- Supreme Court of the United States

Argued October 5, 2010 Decided February 28, 2011
- Full case name: Michigan, Petitioner v. Richard Perry Bryant
- Docket no.: 09-150
- Citations: 562 U.S. 344 (more) 131 S. Ct. 1143; 179 L. Ed. 2d 93
- Argument: Oral argument

Case history
- Prior: Defendant convicted at trial; affirmed, case n°247039, 2004 WL 1882661 (Mich. Ct. App., 2004); vacated and remanded in light of Davis v. Washington, 477 Mich. 902, 722 N.W.2d 797 (2006); affirmed anew, case n°247039, 2007 WL 675471 (Mich. Ct. App., 2006); reversed, 483 Mich. 132, 768 N.W.2d 65 (2009)
- Subsequent: Remanded to Michigan Supreme Court.

Holding
- Dying murder victim identification and description of the shooter and of the location of the shooting were not testimonial statements, because they had a "primary purpose... to enable police assistance to meet an ongoing emergency". Their admission at trial did not violate the defendant rights under the Confrontation Clause.

Court membership
- Chief Justice John Roberts Associate Justices Antonin Scalia · Anthony Kennedy Clarence Thomas · Ruth Bader Ginsburg Stephen Breyer · Samuel Alito Sonia Sotomayor · Elena Kagan

Case opinions
- Majority: Sotomayor, joined by Roberts, Kennedy, Breyer, Alito
- Concurrence: Thomas (in judgment)
- Dissent: Scalia
- Dissent: Ginsburg
- Kagan took no part in the consideration or decision of the case.

Laws applied
- U.S. Const. amend. VI

= Michigan v. Bryant =

Michigan v. Bryant, 562 U.S. 344 (2011), was a United States Supreme Court case in which the Court further developed the "primary purpose" test to determine whether statements are "testimonial" for Confrontation Clause purposes. In Bryant, the Court expanded upon the test first articulated in Davis v. Washington, "addressing for the first time circumstances in which the 'ongoing emergency' discussed in Davis extended to a potential threat to the responding police and the public at large."

The Court stated that determination of whether an interrogation's primary purpose was to assist in an "ongoing emergency" was an objective evaluation of the circumstances "in which the encounter occur[ed] and the statements and actions of the parties."

== Background ==
Detroit Police Department officers were dispatched to a gas station parking lot and found Anthony Covington severely wounded lying next to his car.

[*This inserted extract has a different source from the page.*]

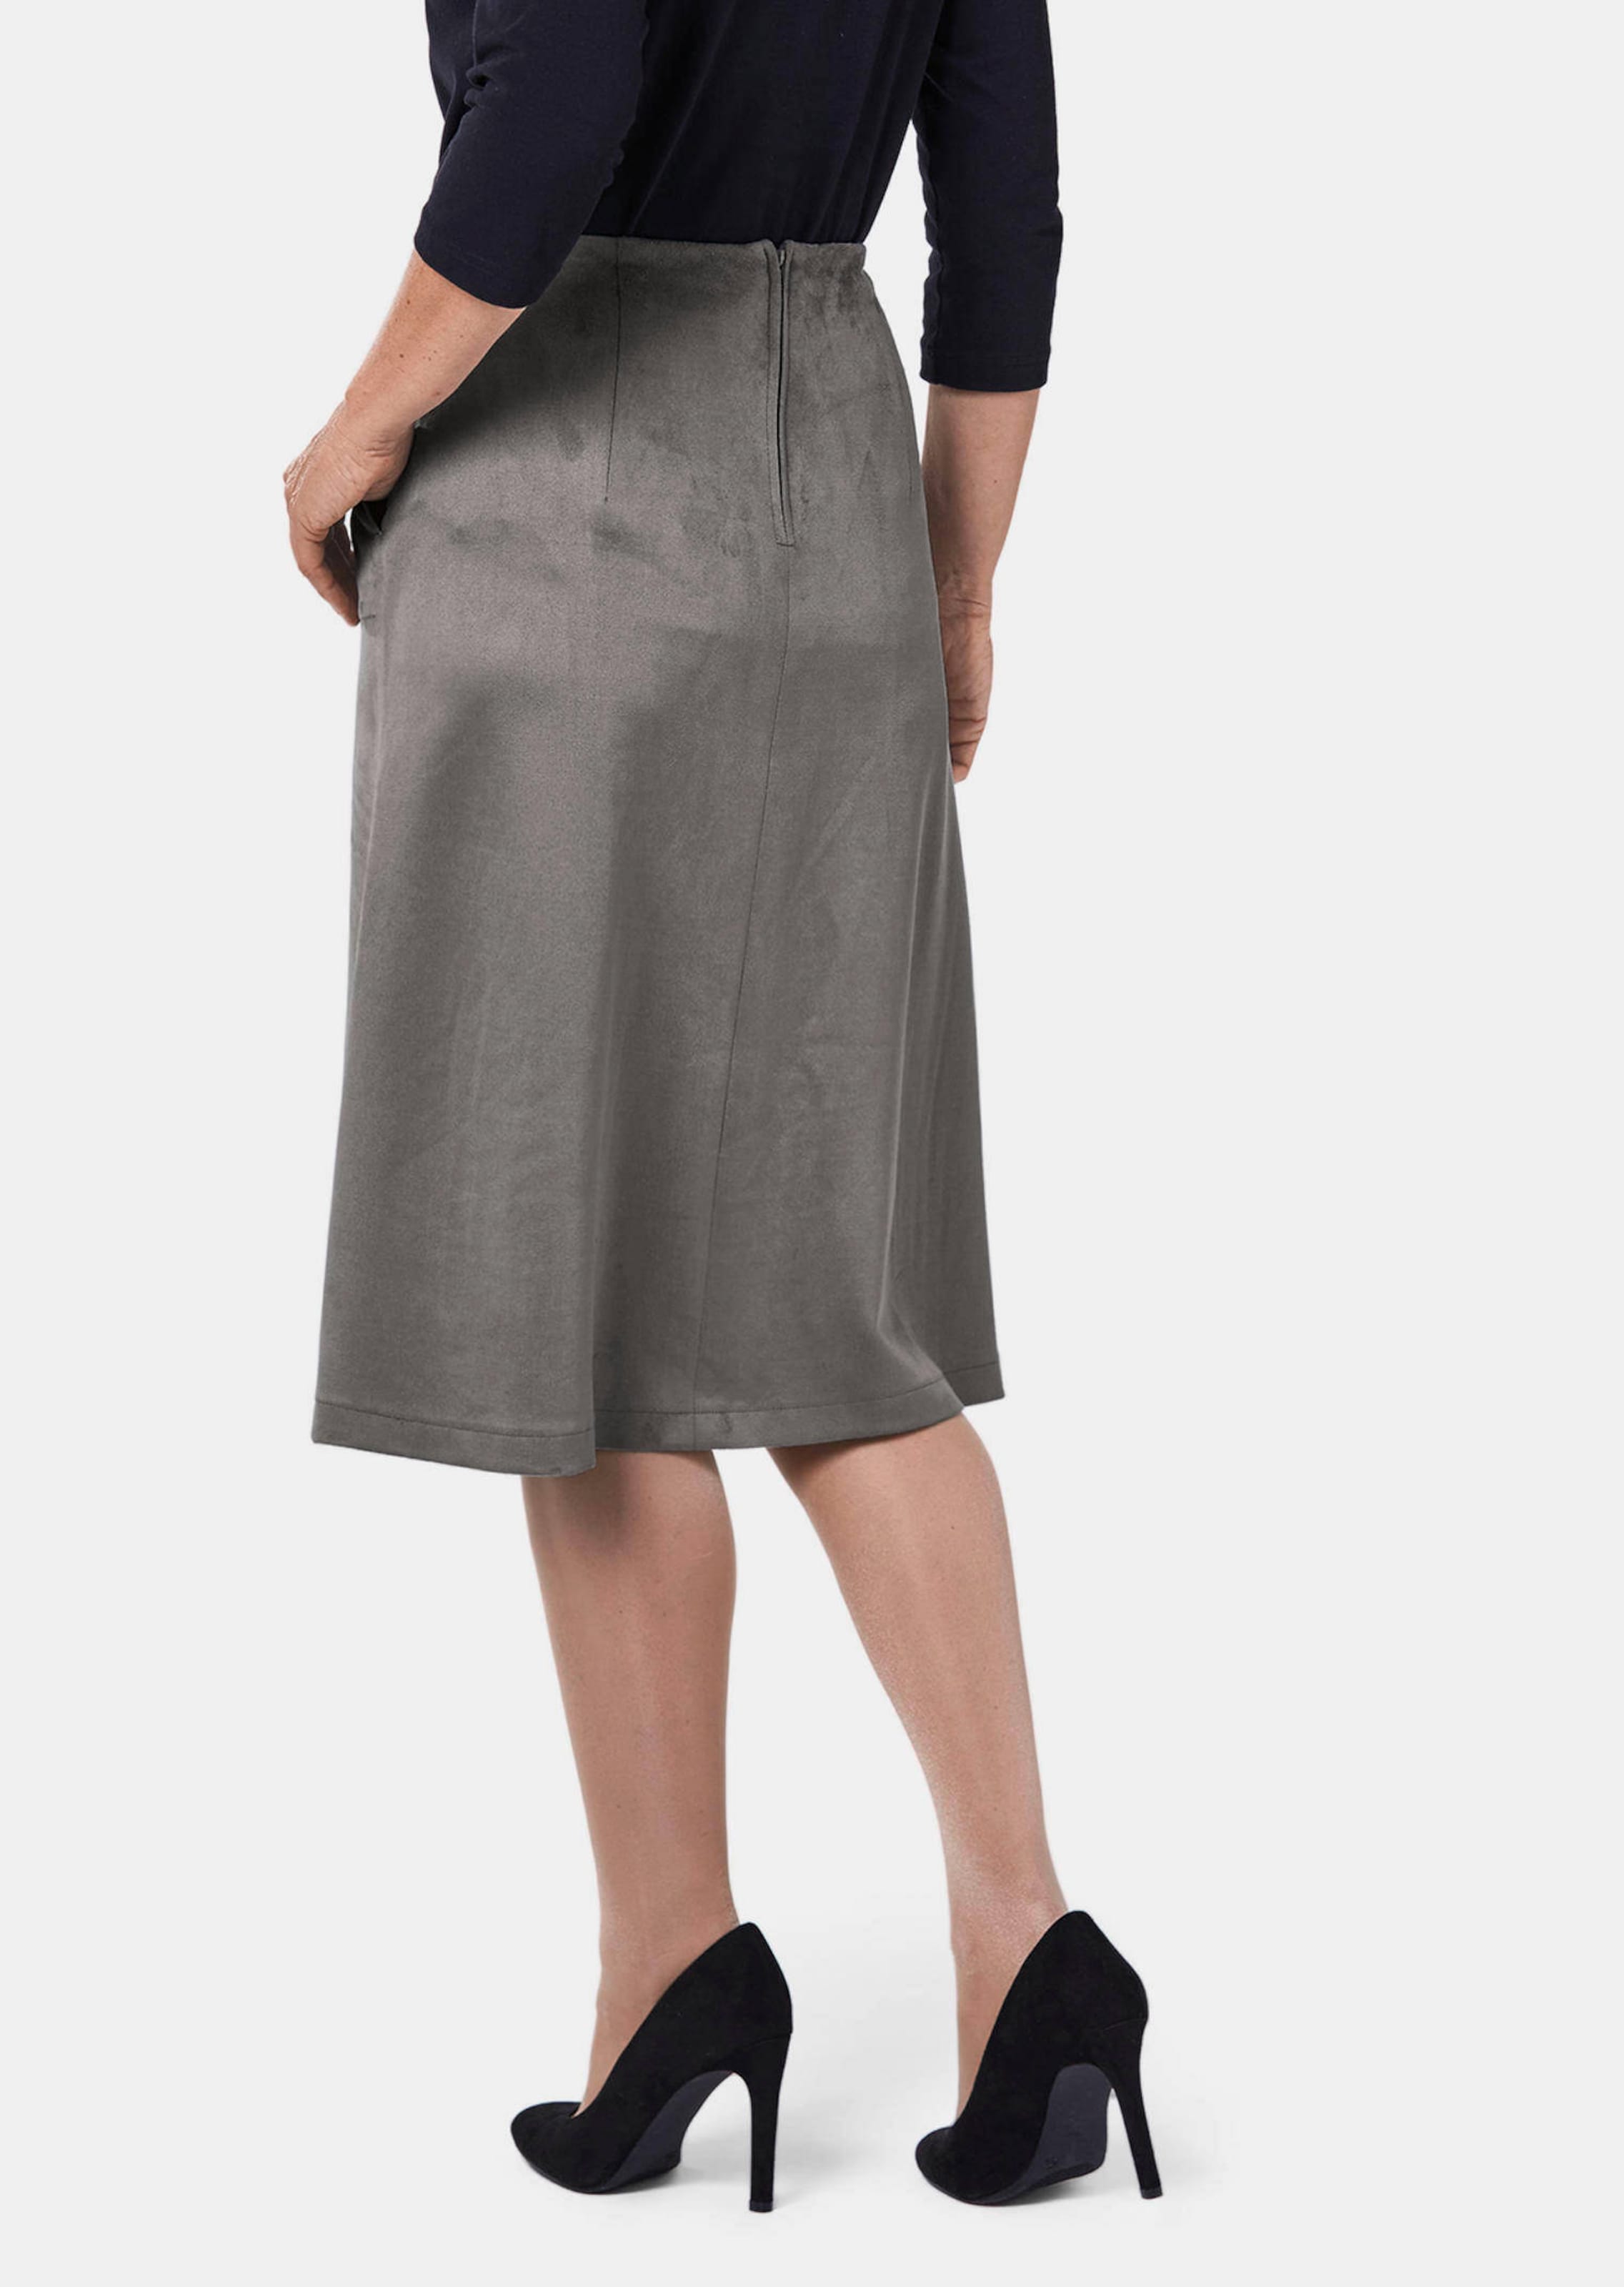 Jupe aspect velours - gris - Gr. 48 de Goldner Fashion

Covington told the police officers that he had been shot by Richard Bryant through the back door of Bryant's house as he turned to leave. The conversation with officers lasted five to ten minutes before ambulance services arrived. Covington died hours later and Bryant was charged with murder.

In general, hearsay, where one person testifies to what another person says as a method of asserting the truth of the matter testified to, is not allowed in US courts. This is true for Michigan state courts as well, where Bryant was charged. This is because rules of evidence traditionally consider many out of court statements unreliable. Additionally, in criminal cases, the 6th amendment to the US Constitution contains the Confrontation Clause which grants criminal defendants the right to face their accusers. Since the person who actually made the potentially incriminating statements would be unable to be in court, the defendant would be denied their right to confront their accuser. However, there are many exceptions to the rule against hearsay which would allow testimony to be given even if it is hearsay. Additionally, not all testimony to another person's statements would be defined as "hearsay" under the definition given in the rules of evidence.

At trial, the officers testified about what Covington said. Bryant was found guilty of murder. The testimony of the officers was challenged by Bryant's legal counsel as testimonial hearsay. The State's position was that Covington's statements would be considered "excited utterances," one exception to the rule against hearsay, and therefore the officers could testify to what Covington said. Ultimately, the Michigan Supreme Court reversed Bryant's conviction, holding that the Sixth Amendment's Confrontation Clause, as explained in Crawford v. Washington (2004), rendered Covington's statements inadmissible testimonial hearsay.

== Opinion of the Court==
The United States Supreme Court reversed and remanded the Michigan Supreme Court's ruling, and held that the victim's statements were not testimonial hearsay, meaning the Confrontation Clause did not bar the admission of the evidence. The Supreme Court remanded the case back to Michigan courts to decide whether the statements were otherwise permissible under state hearsay rules. The test the court relied on was the primary purpose test. That test draws a distinction between statements made to the authorities that are aimed at gathering facts for the purpose of prosecution versus statements made because there is an ongoing emergency.

==Scalia's Dissent==
In Justice Antonin Scalia's dissent, he criticized the majority opinion for distorting the "Confrontation Clause jurisprudence" and leaving the clause in "shambles." Scalia stated that for a statement to be "testimonial", the declarant must have intended that the statement be "a solemn declaration rather than an unconsidered or offhand remark," and therefore the investigator's intent was irrelevant.